The same exercise can be repeated generating a workspace where the control regions are depleted from the signal (see datacards in $CMSSW_BASE/src/HiggsAnalysis/CombinedLimit/data/tutorials/abcd_rooparametrichist_exercise/datacards/no_sgn_CRs/), and re-running the limits. This should give a hint of how much the signal contamination in the control regions is impacting the limits.
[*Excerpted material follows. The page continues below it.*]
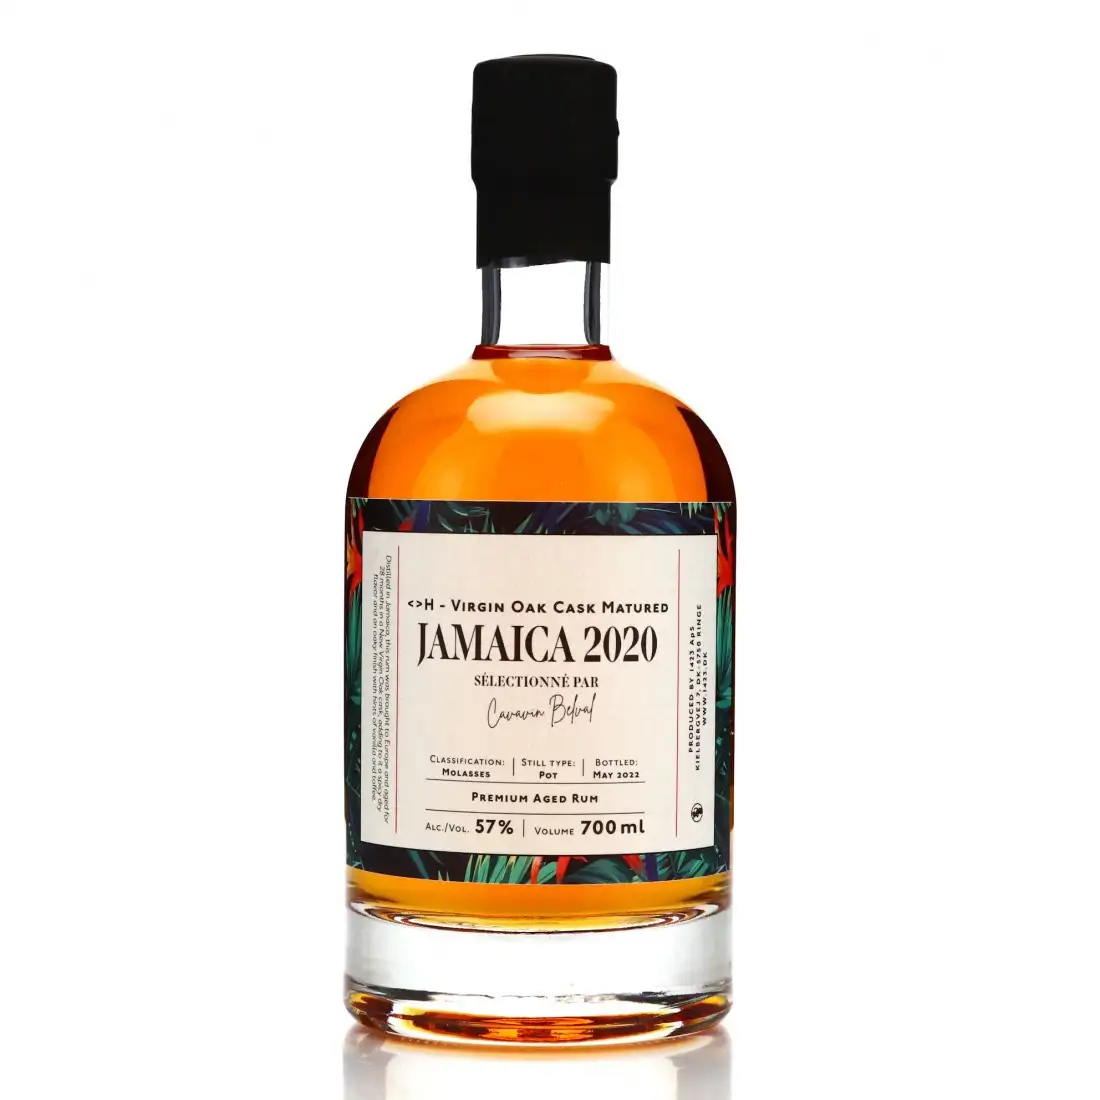 Image of the front of the bottle of the rum Jamaica 2020 <>H Virgin Oak Cask Matured (Cavavin Belval) <>H

If you want to generate the workspace and the cards where the signal is removed from the CRs, just run the scripts create_workspace.py and create_datacards.py with the flag --deplete_crs_from_signal.
The analysis illustrated can be run for multiple mass points, and the typical exclusion plot can be produced similar to the one below.
As we can see, the expected limit without signal in the control regions is better when compared to the one taking into account the signal, showing that in this example there is an impact from the signal contamination of the control regions affecting the final sensitivity.